For the first time in my career as a historical novelist, I wanted to write about an actual historical event, but invent the people caught up in it. My other books have all been created around real people—Anne Morrow Lindbergh, the real Alice in Wonderland, Truman Capote, Mary Pickford, etc. I was looking for a new challenge as a writer, and this subject, so vast with possibility, ignited my imagination. So I stuck to the actual timeline of the blizzard but invented most of the characters, basing many of them on the oral histories of those who remembered the storm and the newspaper articles about it.

The facts: In 1888, there was no National Weather Service. Meteorology didn’t quite exist as a science. But the Army Signal Corps did have a branch of weather “indicators,” career soldiers who had been selected to train, as much as the science of the time allowed, to try to indicate the weather. (They did not use words like predict or forecast then.) The Signal Corps was, at the time of the blizzard, under the command of Brigadier General Adolphus Greely, who had famously commanded a tragic expedition to the Arctic; most of his men perished, but he and a handful survived. The expedition was known as the Lady Franklin Bay Expedition. Despite controversy, he returned home a hero, and President Grover Cleveland appointed him chief signal officer of the army.

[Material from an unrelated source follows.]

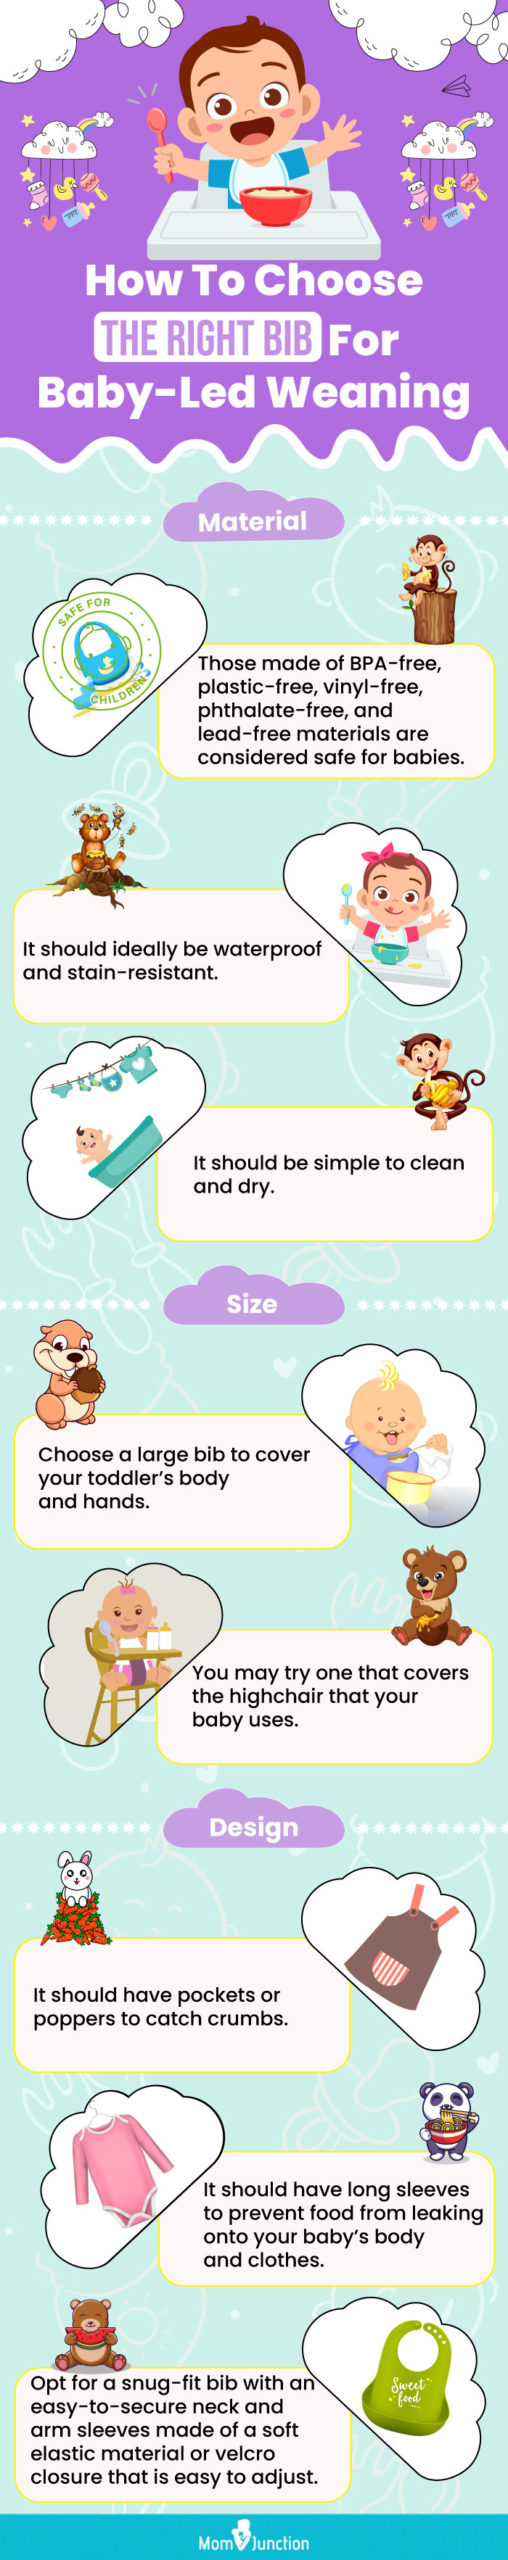 How To Choose The Right Bib For Baby Led Weaning (infographic)

At the time, weather indicating consisted of an array of stations, many at army forts and railroad depots, each manned by a member of the Signal Corps whose job it was to take weather readings—barometric pressure, wind direction and speed, temperature—and telegraph the readings, at various intervals during the day, to Washington, D.C. There, soldiers would map out all the readings and indicate the weather for the next few hours. The time it took to gather the readings, form an indication, then telegraph it back out to various stations and newspapers, meant that the indications rarely got to where they should be in a timely manner. Too, there was much corruption in the Signal Corps: false readings, mismanagement, unmanned stations. In 1887, Greely felt pressure by the railroads to open up a western branch, to better serve the railway west of the Mississippi and, to a far lesser extent, the homesteaders there. He opened an office in Saint Paul, Minnesota, under the command of Lieutenant Thomas Woodruff.